I had also mentioned this in an earlier comment on another thread. It turns out that this is a standard concern in bargaining theory. See section 11.2 of this review paper.
So, yeah, it’s a problem, but it has to be solved anyway in order for AIs to negotiate with each other.
Create N AIs, one for each individual in the group, and program it with the utility function of that individual. [...] everyone is given an equal amount of bargaining power.
Do you think the more powerful group members are going to agree to that?!? They worked hard for their power and status—and are hardly likely to agree to their assets being ripped away from them in this way. Surely they will ridicule your scheme, and fight against it being implemented.

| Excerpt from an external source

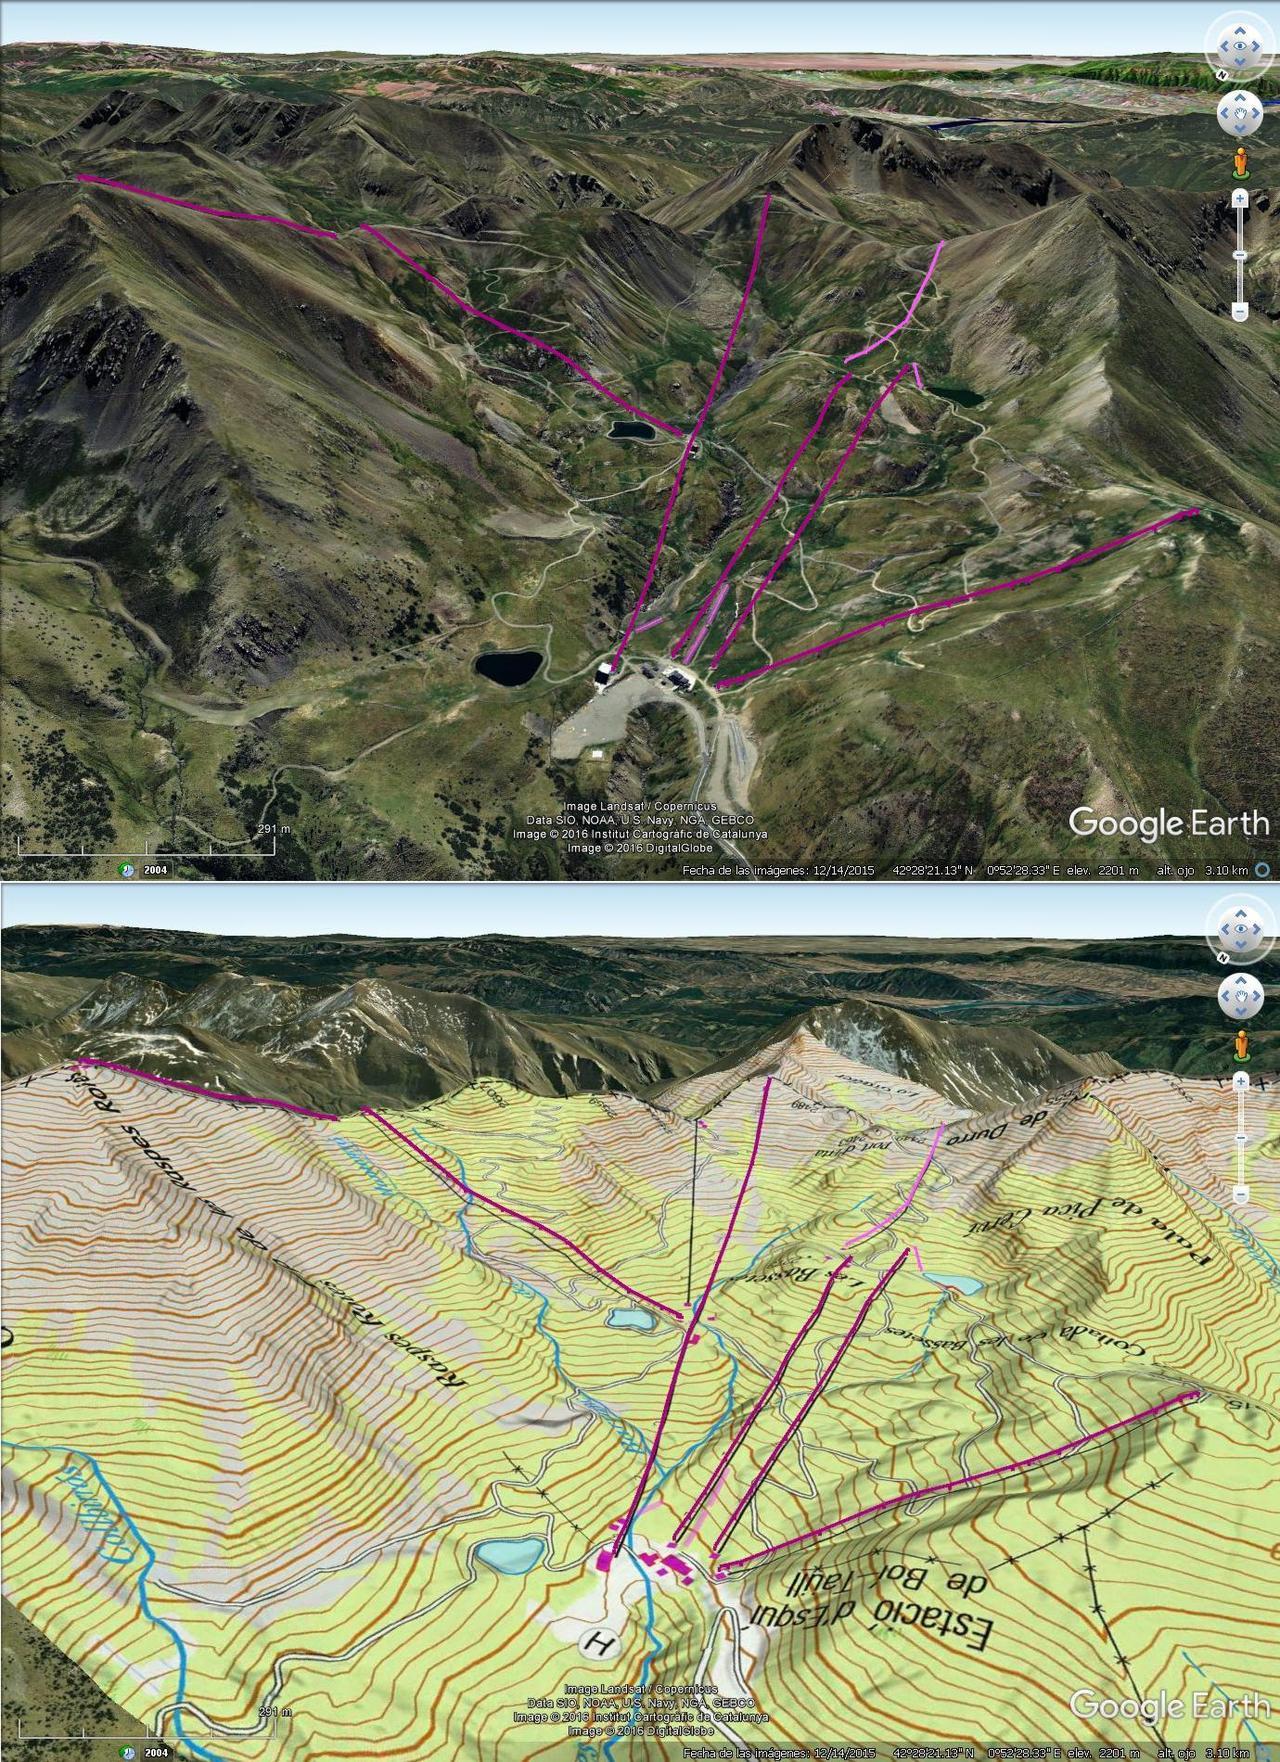 Vistas Google Earth Boi Taüll 2016-17

The main idea I wanted to introduce in that comment was the idea of using (supervised) bargaining to aggregate individual preferences. Bargaining power (or more generally, weighing of individual preferences) is a mostly orthogonal issue. If equal bargaining power turns out to be impractical and/or immoral, then some other distribution of bargaining power can be used.
Why not use virtual agents, which are given only a safe interface to negotiate with each other over, and no physical powers, and are monitored by a meta-AI that prevents them from trying to game the system, fool each other, etc. This would avoid having wars between superintelligences in the real physical universe.
I think that’s what I implied: there is a supervisor process that governs the negotiation process and eventually picks a random AI to be released into the real world.
What exactly is “equal bargaining power” is vague. If you “instantiate” multiple AIs, their “bargaining power” may well depend on their “positions” relative to each other, the particular values in each of them, etc.
Then set a time in the future when one of those AIs will be randomly selected and allowed to take over the universe.
Why this requirement? A cooperation of AIs might as well be one AI. Cooperation between AIs is just a special case of operation of each AI in the environment, and where you draw the boundary between AI and environment is largely arbitrary.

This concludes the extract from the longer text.